The US in Haiti: From Occupation to Occupation

"Imagine, niggers speaking French." -- William Jennings Bryan,
US Secretary of State 1913-1915

*   In 1915, US Marines invaded Haiti, massacred hundreds, dismantled the
constitutional system, enforced massive land takeovers by US corporations and
installed the brutal Haitian army. It is estimated that 15,000 Haitians were
killed during the occupation, which lasted until 1934.


*   The US was the main backer of the 30-year Duvalier dictatorship. In 1986,
when Haiti’s pro-democracy movement finally succeeded in overthrowing the
hated dictator, he was ferried to safety by the Reagan Administration.
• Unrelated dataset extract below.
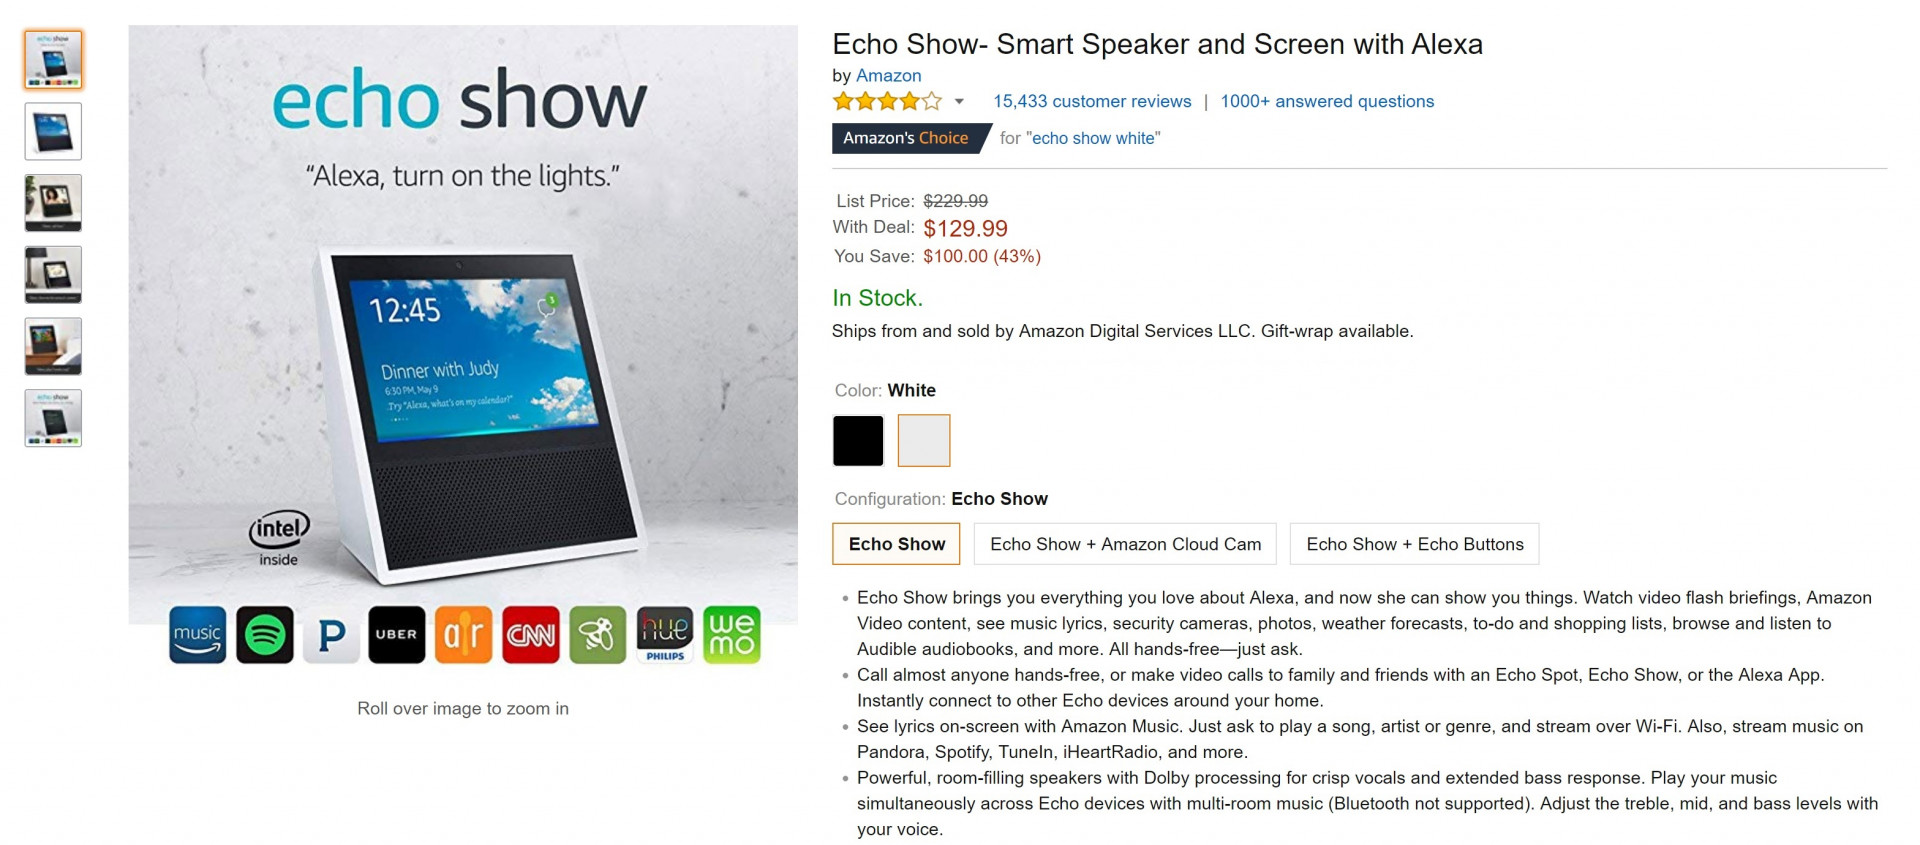 The Amazon Echo Show store page on Amazon

*   Only with the victory of the pro-democracy movement and the first
election of Aristide did US support shift from the Haitian leadership to those who
orchestrated the 1991 coup d’etat.


*   In 1994, public pressure and fear of an influx of Haitian “boat people”
led the Clinton Administration to reverse the coup d’etat and restore Aristide
to power.


*   Two months later, Republicans, who strongly opposed the intervention,
took control of Congress. They pushed to cancel US aid to Haiti and finance an
opposition to Aristide by reallocating federal funds to Haitian non-governmental
organizations committed to undermining the government.
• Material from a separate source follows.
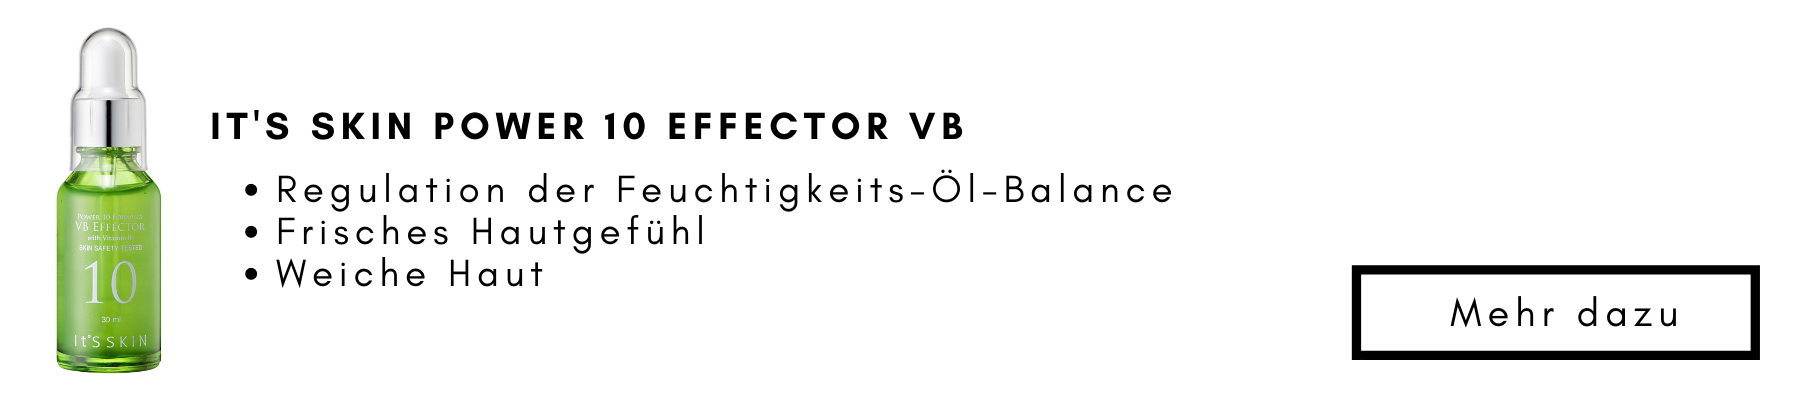 VB-Effector-Bild

*   The US pressured the Inter-American Development Bank to cancel more than
$650 million in development assistance and approved loans to Haiti—money that
was slated to pay for safe drinking water, literacy programs and health
services for the poorest people in the hemisphere.



MADRE Emphasizes that:


*   International law does not recognize governments installed by coup
d’etat. Aristide is still the lawful president of Haiti and should be returned.

*   The Bush Administration’s role in ousting President Aristide and in
supporting the opposition to Haiti’s constitutional government must be investigated
by the US Congress and a case brought before the International Court of
Justice at the Hague.

*   Political sovereignty rests on economic autonomy. MADRE calls on the Bush
Administration to immediately lift the embargo that is denying urgently
needed development aid and health programs to Haitian women and families and to
allow Haiti to formulate its own economic policies.

*   A peacekeeping force under the control of the UN Security Council, not
the US, and with strong involvement from Caribbean Member States, should be
deployed to provide stability, oversee disarmament and ensure that the
humanitarian needs of the Haitian population are met.

*   The US should provide sanctuary to Haitian refugees and all refugees on a
humanitarian rather than a political basis.